I’ve always been proud of my connection to Saskatchewan, the birthplace of Canadian universal health care. Before Tommy Douglas, The Associated Traveller Clubs, composed of groups of travelling salesmen, raised funds for Saskatchewan’s Anti-Tuberculosis League, focusing on prevention and treatment. The money they raised meant that tubercular patients could go to sanatoria like Fort San in Fort Qu’Appelle without impoverishing their families, or being forced by poverty to stay within their families and infect others. Tuberculosis, like so many others, is a disease caused by conditions of poverty: inadequate ventilation, poor nutrition, and over-crowding. It was almost eradicated by the miracle of streptomycin but before that time, the Travellers Clubs were a godsend in getting medical care to people regardless of income. In other provinces, people had to pay for care at the sanatoria. My mother was in Fort San for seven years. Under no circumstances could my grandparents have managed to pay for that long a stay.
9. In terms of sheer length, what did the book look like after the first draft?
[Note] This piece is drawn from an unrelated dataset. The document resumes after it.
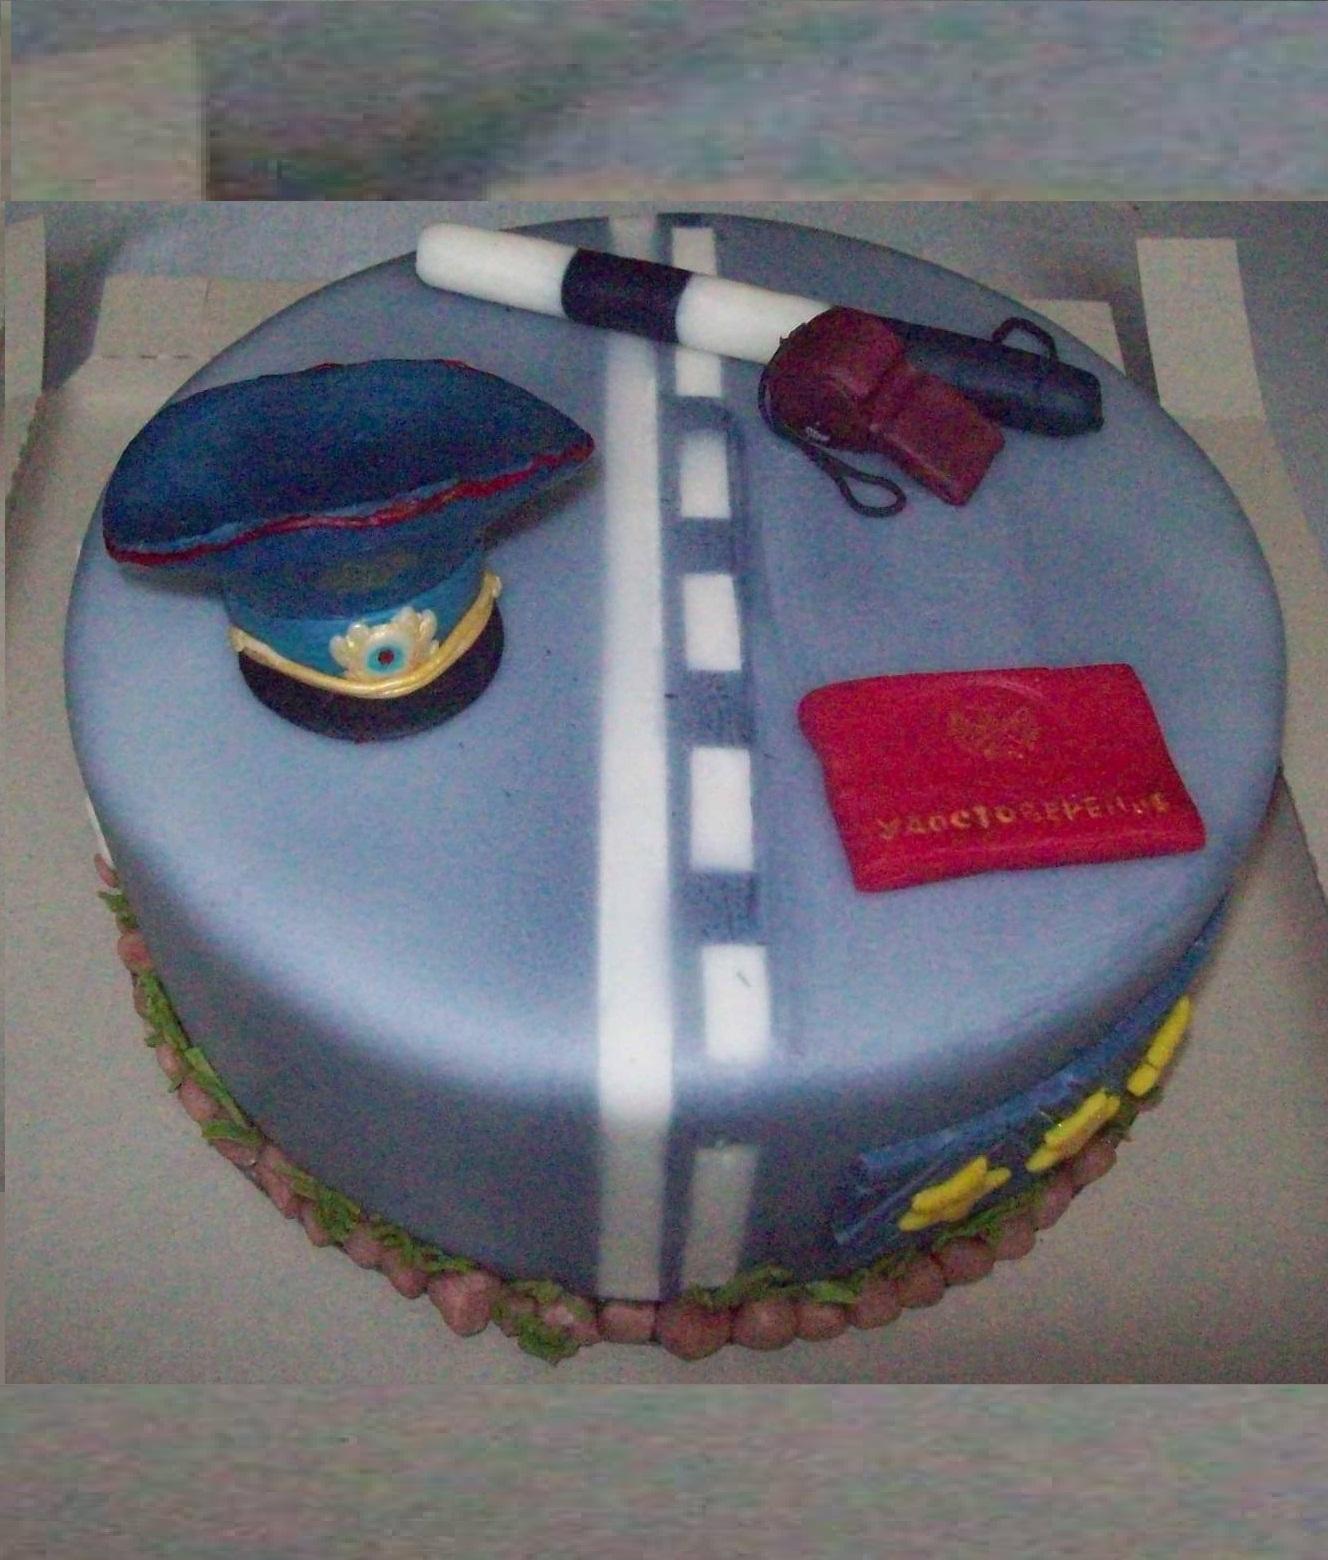 Картинки старший лейтенант полиции гибдд для торта

Did the length change?
Well, it was pretty sprawling! My first draft, and many subsequent ones, had three narrative lines: the 1926–1949 one you see in this final version, but also a 1950–1957 line, and a 1980 line. The problem was that Olena and Taras’s story kept overwhelming the other stories; as characters they were just so much more alive and interesting. I’m a pretty stubborn person, but in the end I had to agree that almost two-thirds of the book had to go. And then it was a matter of fully exploring what was left until the book became what you read now. It’s still about the same length as the initial draft but it took a circuitous route to get here: I figure I wrote three novels to arrive at this one!
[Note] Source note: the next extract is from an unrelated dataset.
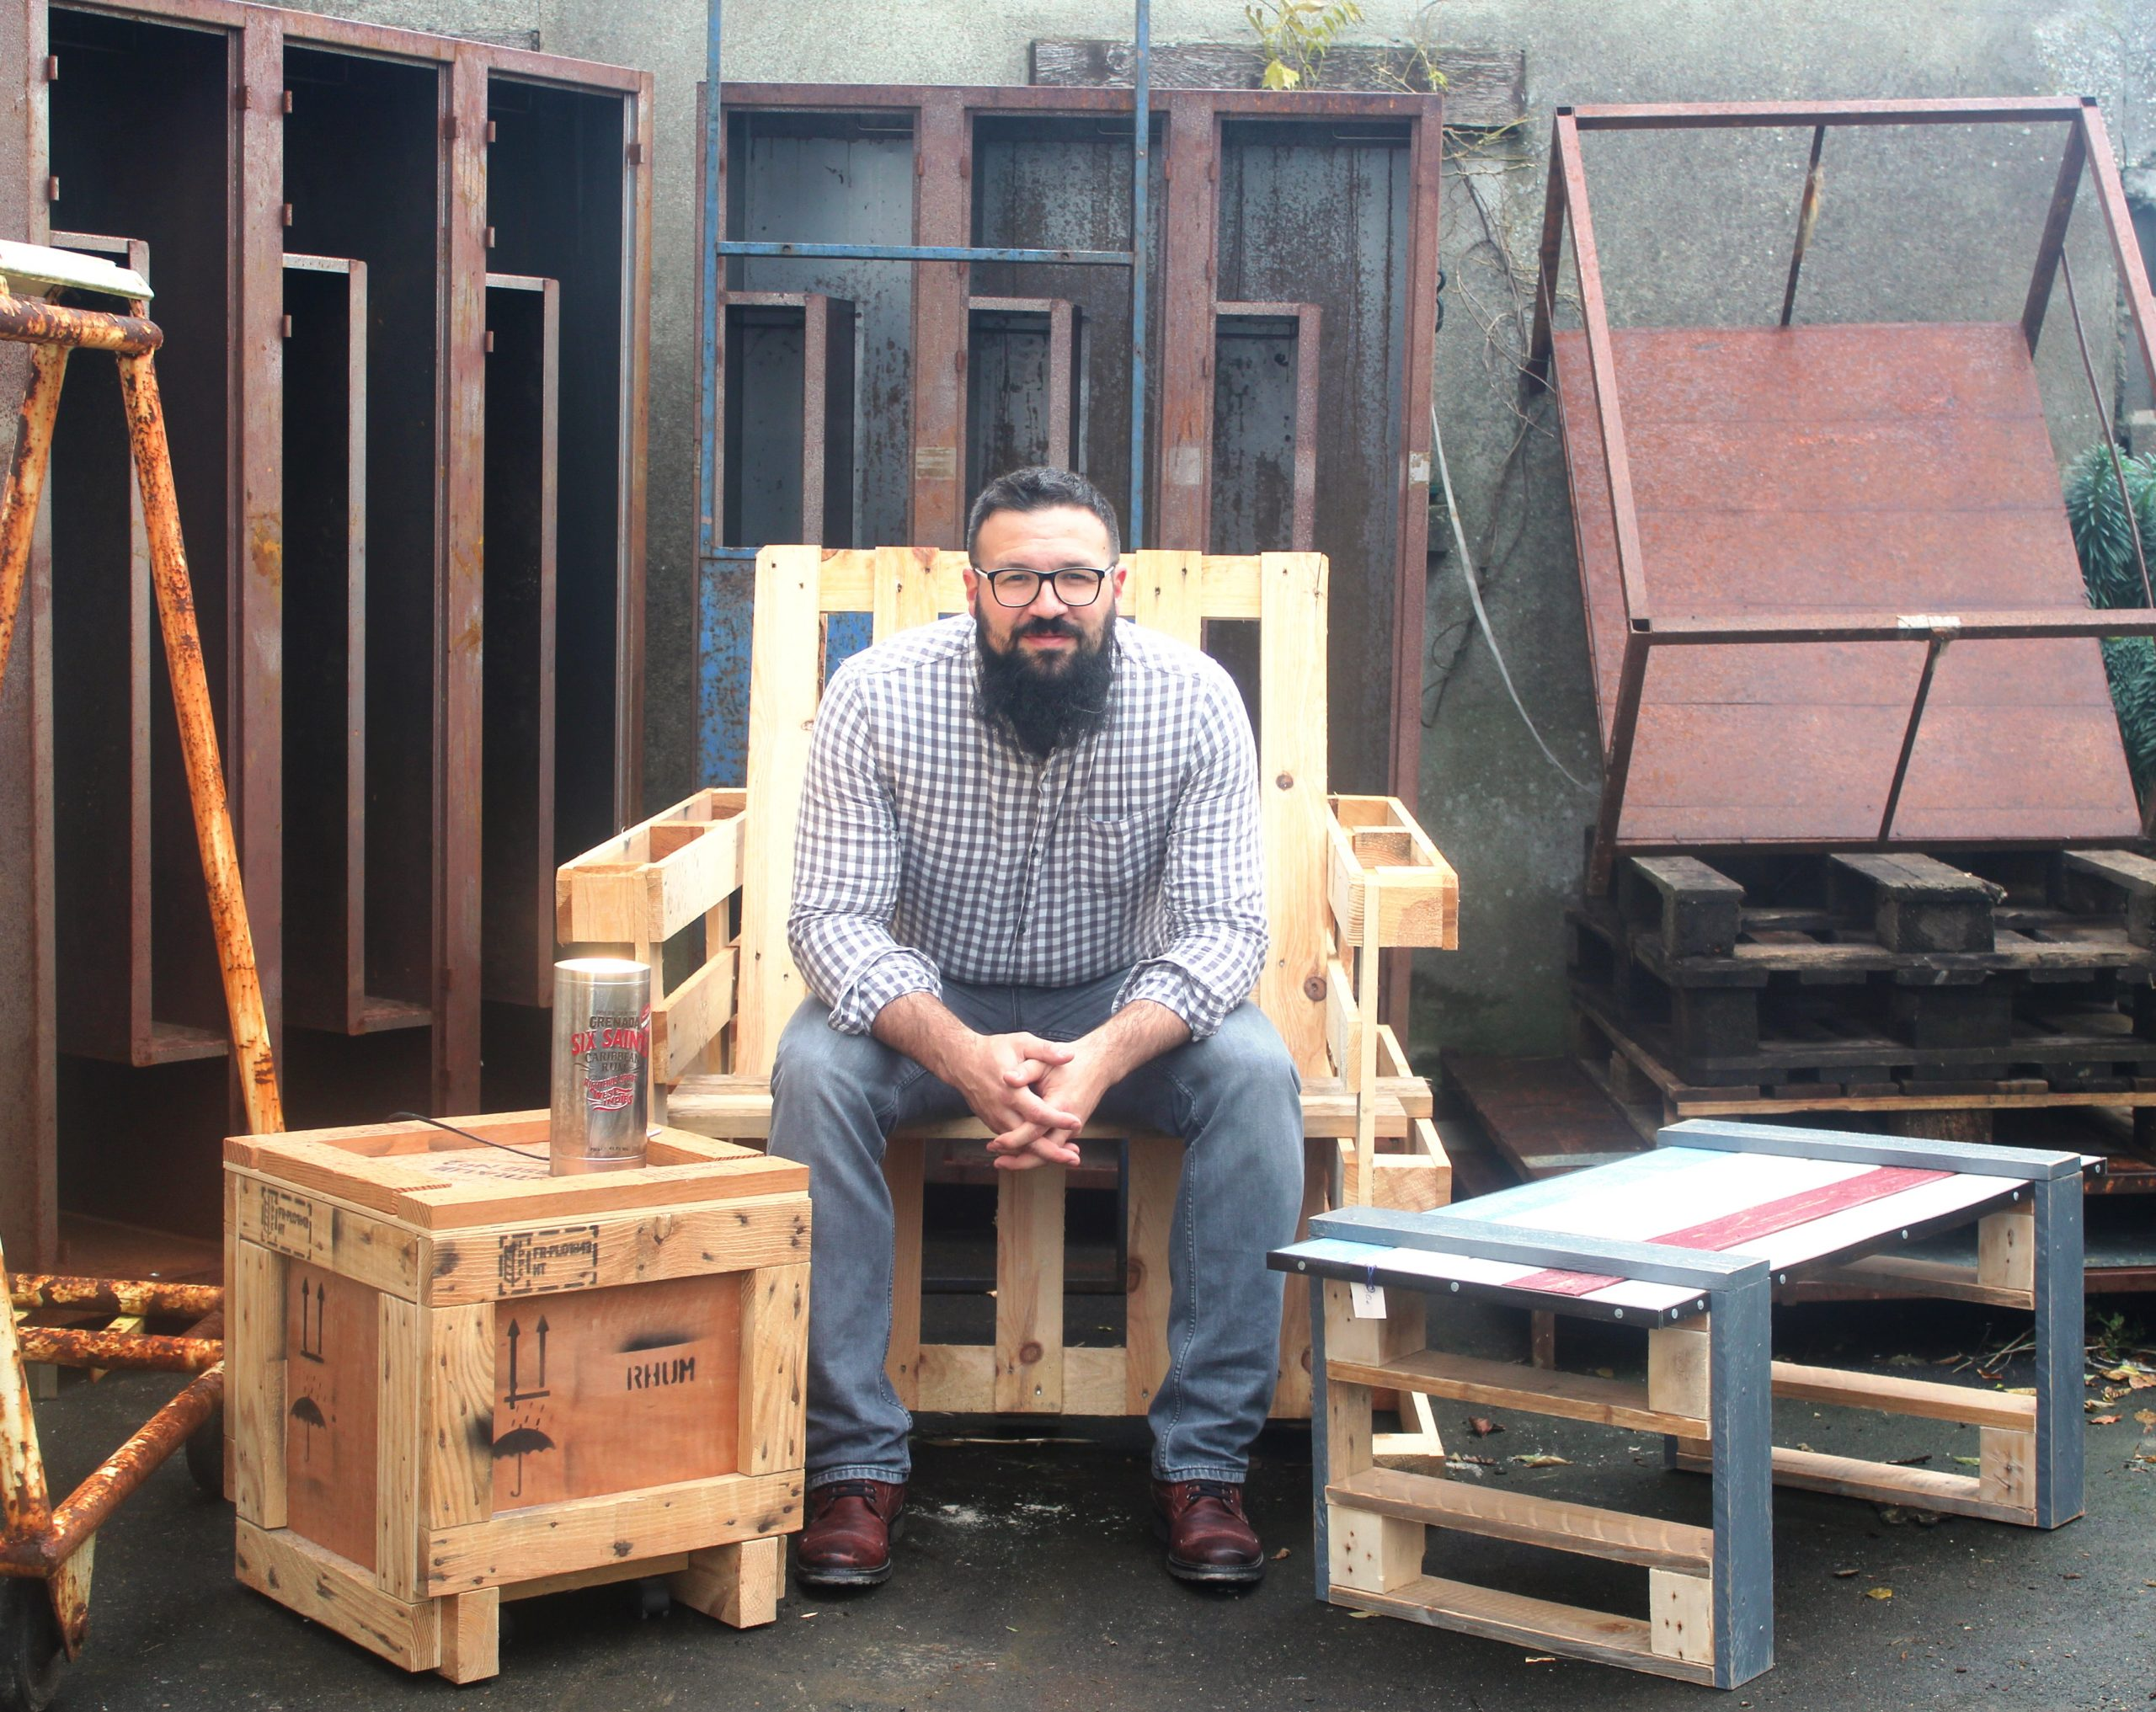 L'atelier Delmont: la récup' au service du design et du recyclage

10. What kind of research did you have to engage in order to create the story world? So much I can hardly fathom it all! Ukrainian history; Ukrainian Canadian history; the tuberculosis epidemic in Saskatchewan; homesteading in the early 1900s; the Depression and small-town life in the early years of the Second World War. In the 1980s, a wonderful government program encouraged small towns to publish their histories: these books are a treasure trove of detail. My mother was in Fort San for seven years and had many stories about her time there. She and my aunt also gave me invaluable details of life as children on a homestead. I read endlessly, took boxes full of notes, then shoved it all to the back of my mind and used only those details that filtered up when I needed them. I’m not fond of books that shoehorn every bit of research into the finished project. I prefer books where research is like an iceberg: most of what’s been done eludes the eye.
Barbara Joan Scott is a writer and editor from Calgary. Her first collection of short stories, The Quick, won the City of Calgary W.O. Mitchell Book Prize and the Howard O’Hagan Award for Best Collection of Short Fiction. The Taste of Hunger is her debut novel.